Question

Let \( X \) be a random variable having the Poisson distribution with mean \( \log_e 2 \). Then \( E\left( e^{(\log_e 3)X} \right) \) equals:

• A. 1
• B. 2
• C. 3
• D. 4

Hint:

For Poisson-distributed random variables, the moment-generating function is useful for calculating expectations of exponential functions of the random variable.

Answer 1

The Correct Option is D

The Poisson distribution is given by the probability mass function:

\[ P(X = k) = \frac{\lambda^k e^{-\lambda}}{k!}, \quad k = 0, 1, 2, \dots \] where \( \lambda = \log_e 2 \) is the mean. We are asked to find \( E\left( e^{(\log_e 3)X} \right) \).

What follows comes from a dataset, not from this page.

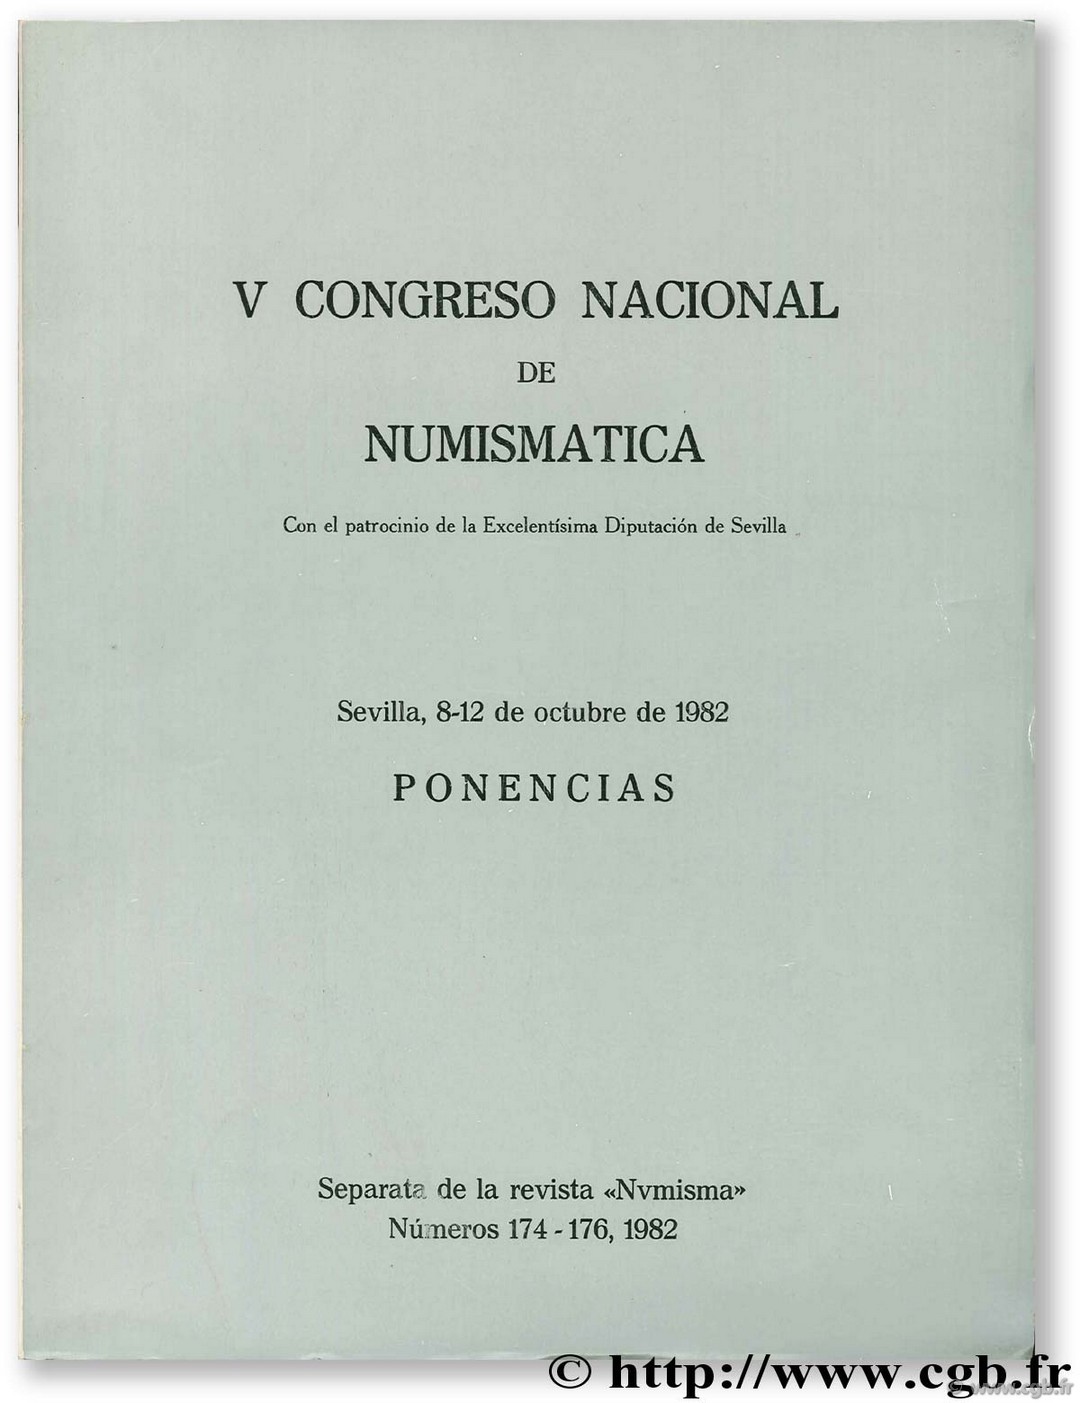 V Congreso Nacional de numismatica. Ponencias. Sevilla 8-12 de octubre de 1982

Step 1: Recognizing the moment-generating function of a Poisson random variable.
The moment-generating function (MGF) of a Poisson random variable \( X \) with mean \( \lambda \) is given by:

\[ M_X(t) = E(e^{tX}) = e^{\lambda (e^t - 1)} \] Substituting \( t = \log_e 3 \) and \( \lambda = \log_e 2 \), we get:

\[ E\left( e^{(\log_e 3)X} \right) = e^{\lambda (e^{\log_e 3} - 1)} \] Step 2: Simplifying the expression.
Since \( e^{\log_e 3} = 3 \), the expression becomes:

\[ E\left( e^{(\log_e 3)X} \right) = e^{\log_e 2 (3 - 1)} = e^{2 \log_e 2} \] Step 3: Final calculation.
Using the property of logarithms \( e^{\log_e a} = a \), we find:

\[ e^{2 \log_e 2} = 2^2 = 4 \] Therefore, the correct answer is \( \boxed{4} \).